Semikina T.V.1, Sheremet G.I.1, Shmyreva L.N.2

1 V.E. Lashkaryov Institute of Semiconductor Physics, Nat. Acad. of Sci. of Ukraine
(41, Prosp. Nauky, Kyiv 03028, Ukraine; e-mail: tanyasemikina@gmail.com)
2 National Technical University of Ukraine “Kyiv Polytechnic Institute”
(33, Peremogy Ave., Kyiv 03056, Ukraine)

ZnO Thin Films Obtained by Atomic Layer Deposition as a Material for Photovoltaics

Section: Solid Matter
Original Author's Text: Ukrainian

Abstract: The tasks to be solved while developing solar cells have been reviewed.

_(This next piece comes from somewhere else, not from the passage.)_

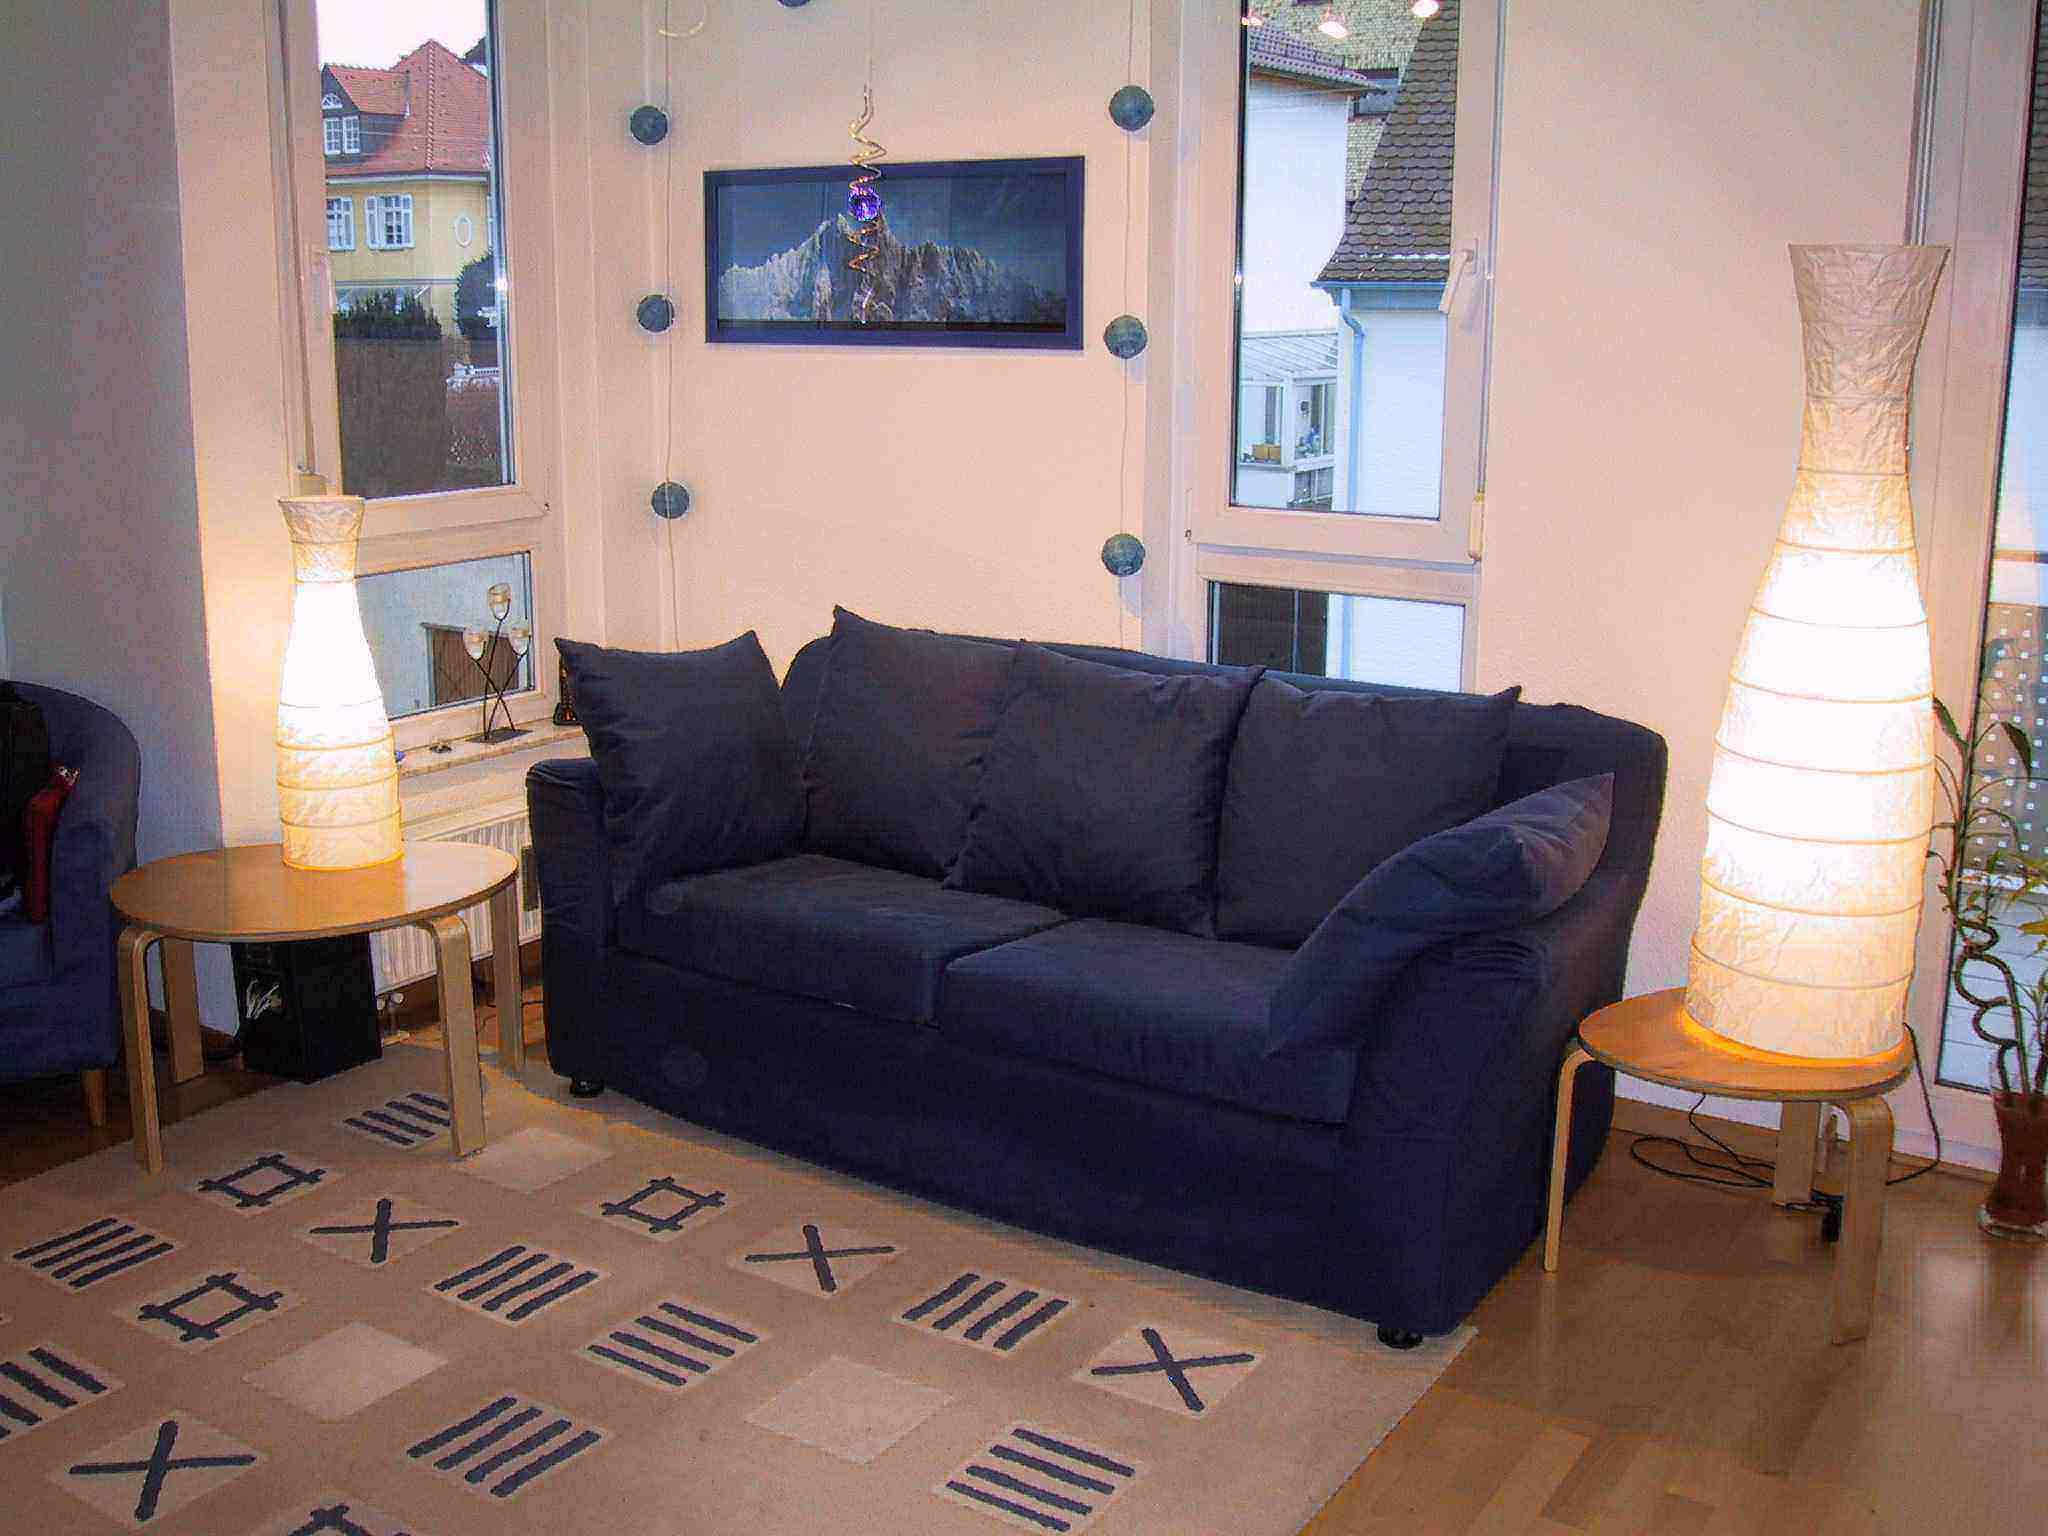 schlafsofa blau zweisitzer in 71636 ludwigsburg polster sessel couch. Black Bedroom Furniture Sets. Home Design Ideas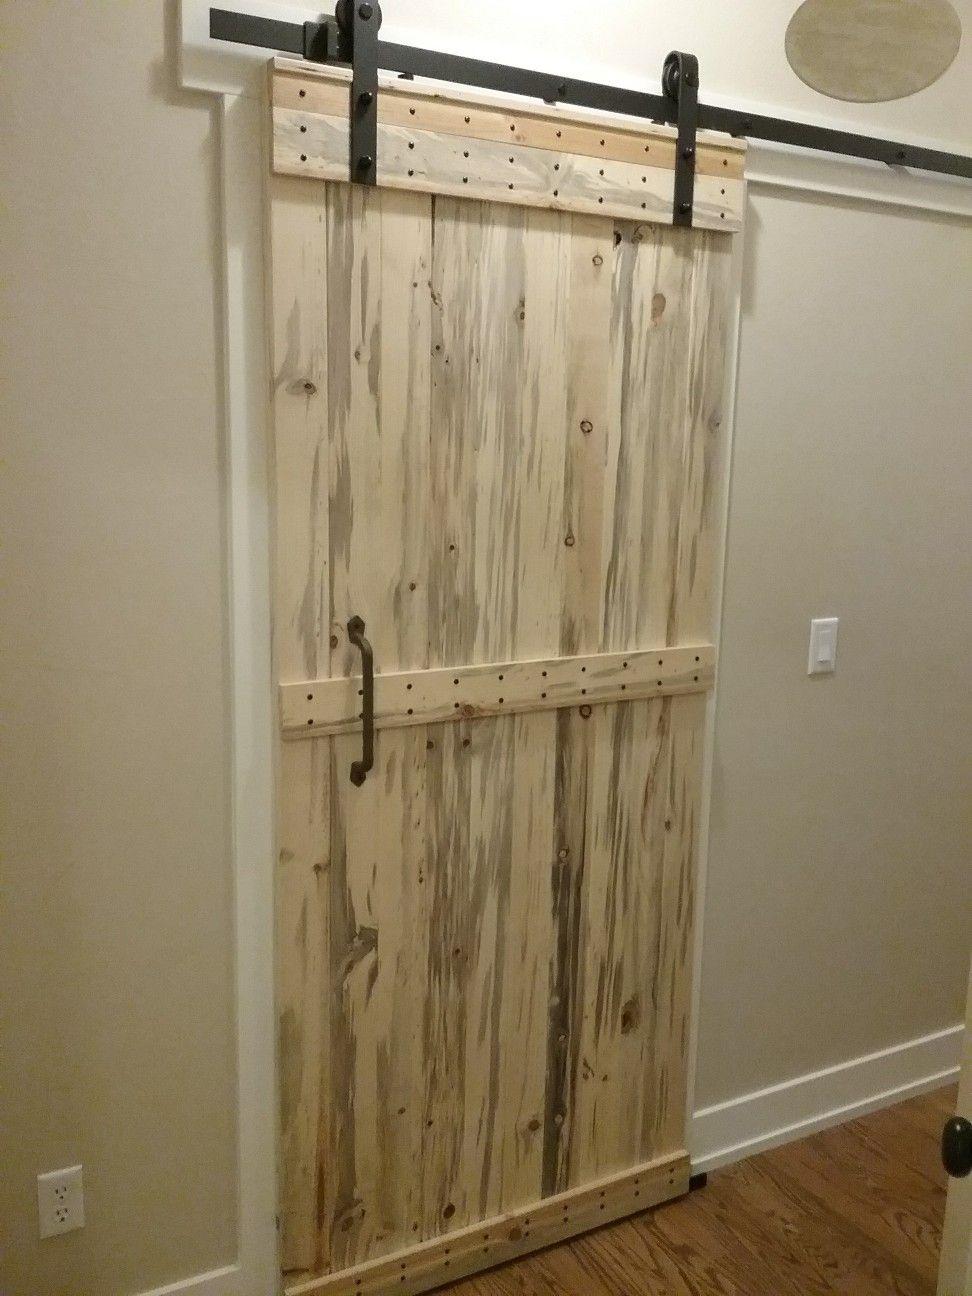 Finally Finished The Barn Door For Ourlaundry Room Svw House Beetles Barn Door Doors

The analysis of technological methods used for the fabrication of thin transparent conducting ZnO films from the viewpoint of their application in organic and thin-film solar cells demonstrates the advantage of the atomic layer deposition method. It is shown that this method provides a low-temperature (100–200°C) growth of films with a required resistivity of about 10−3 Ω·cm and a transparency of 85–90%. The application of ZnO films in organic photovoltaic structures improves the time stability of their rectification characteristics. The investigation of organic structures with ZnO as a cathode or an anode showed the potential of the usage of ZnO as a cathode. The study of ZnO as a transparent conductive electrode in a CdTe-based inorganic photovoltaic structure shows an increase in the photocurrent and a decrease in the recombination in comparison with
a Mo electrode.

Key words: atomic layer deposition method, transparent conducting ZnO films, organic solar cells, CdS/CdTe solar cells.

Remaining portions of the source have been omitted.